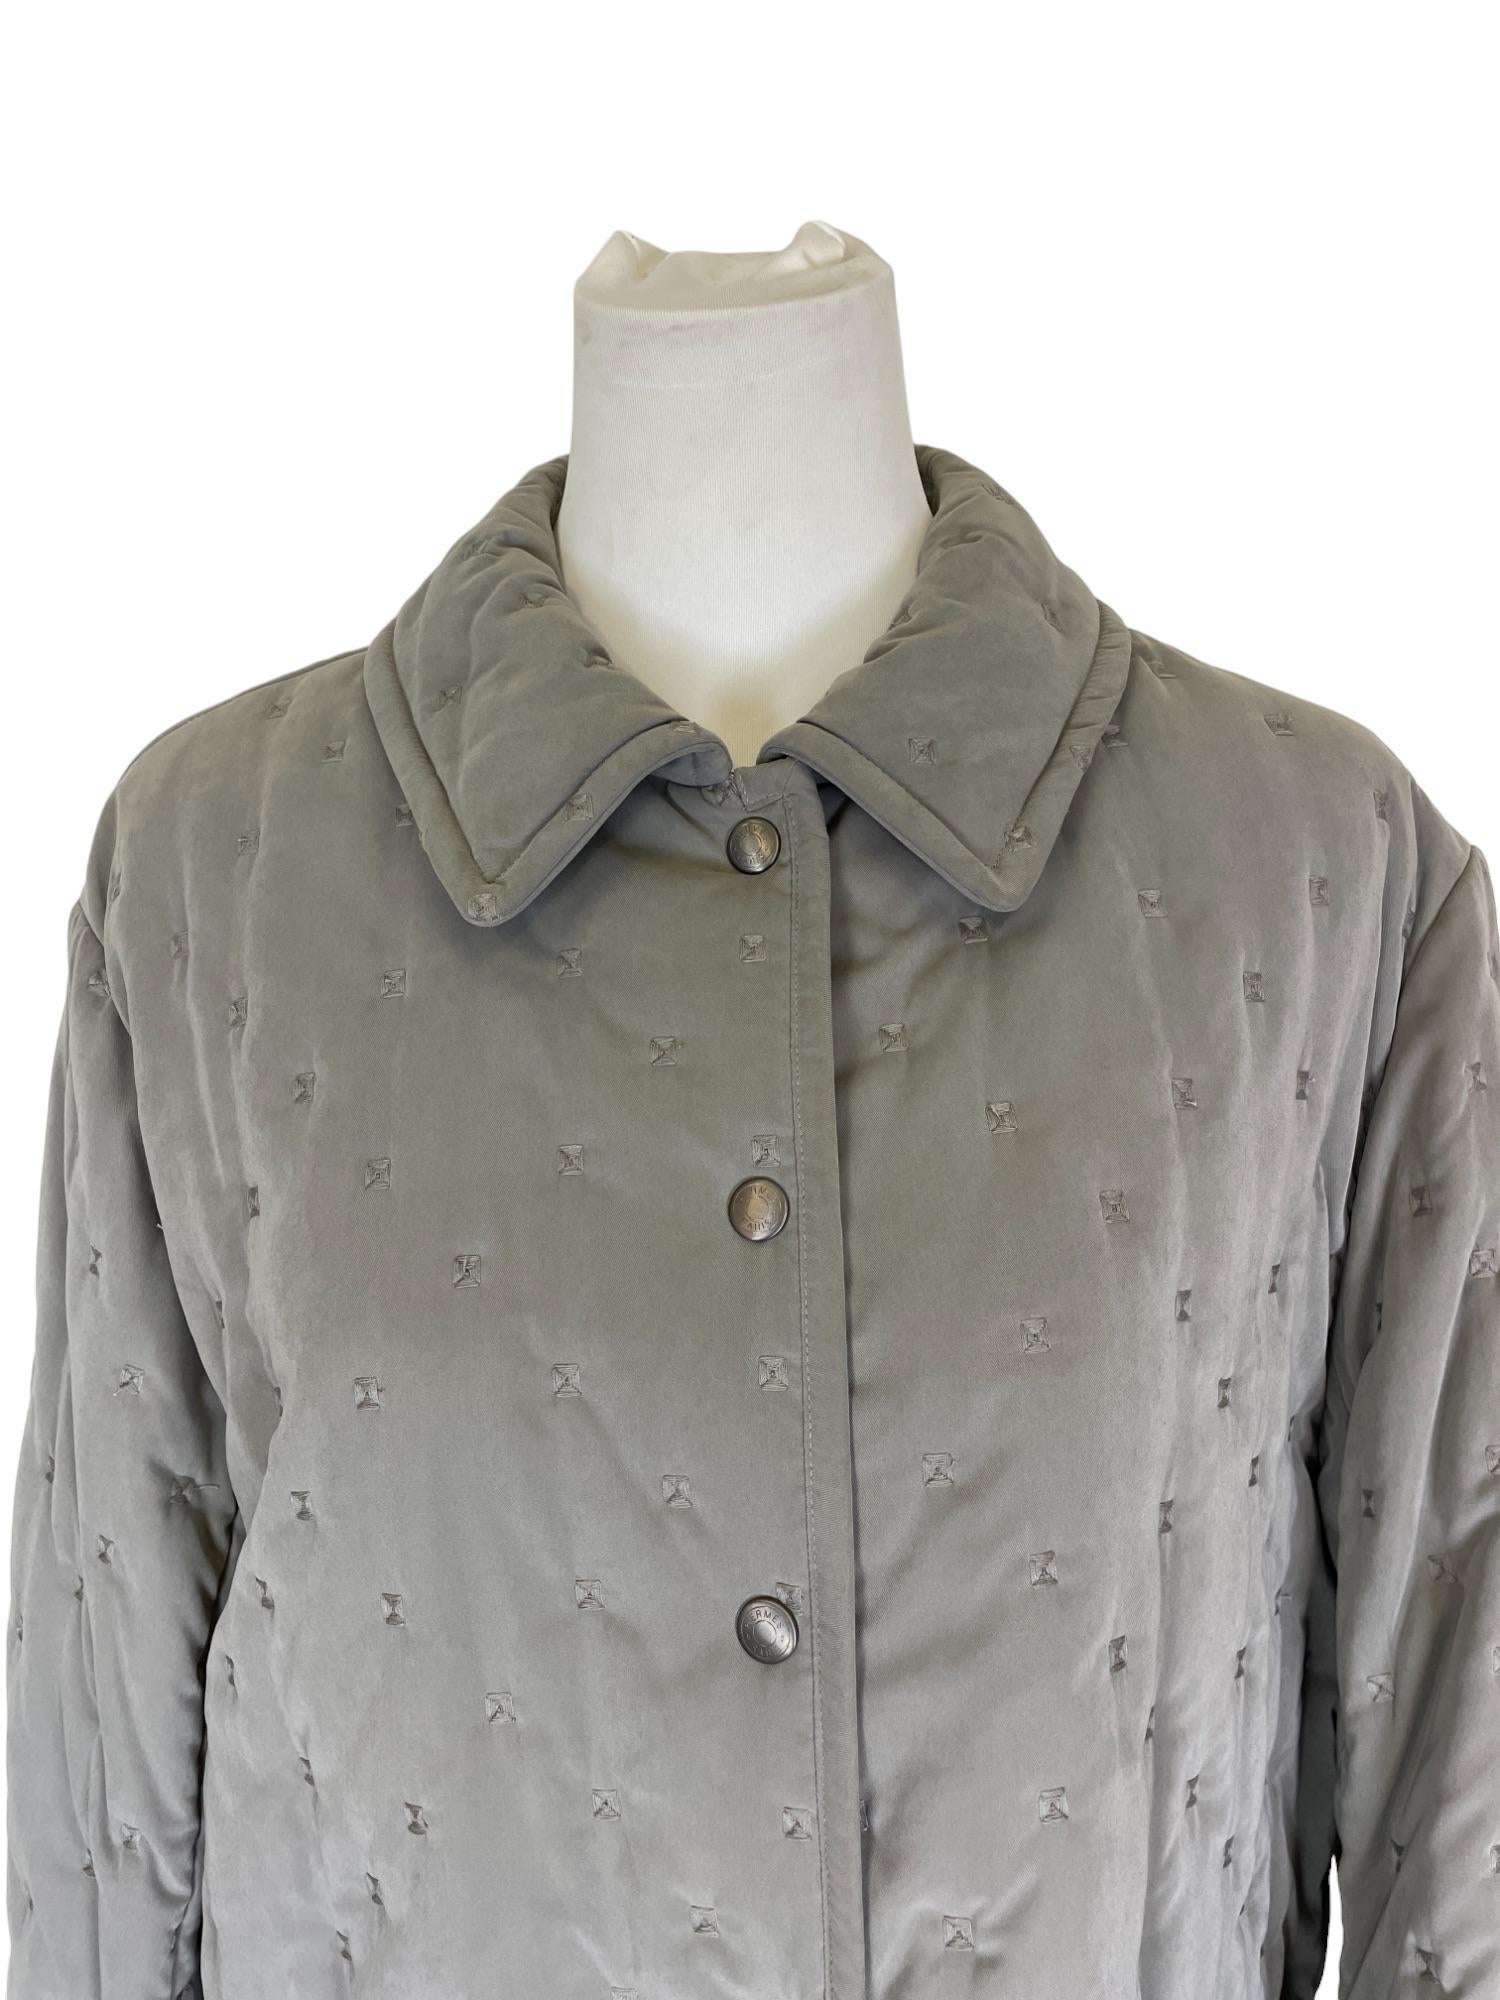 Rare Hermes Martin Margiela Jacket 
1990s 
-
NO RETURNS 
If you need more information, please contact us!

....................

**EXERCISE DETAILS**. Could you copy the lines above exactly and skip the images?

**EXERCISE SOLUTION**.
 Rare Hermes Martin Margiela Jacket 
1990s 
-
NO RETURNS 
If you need more information, please contact us!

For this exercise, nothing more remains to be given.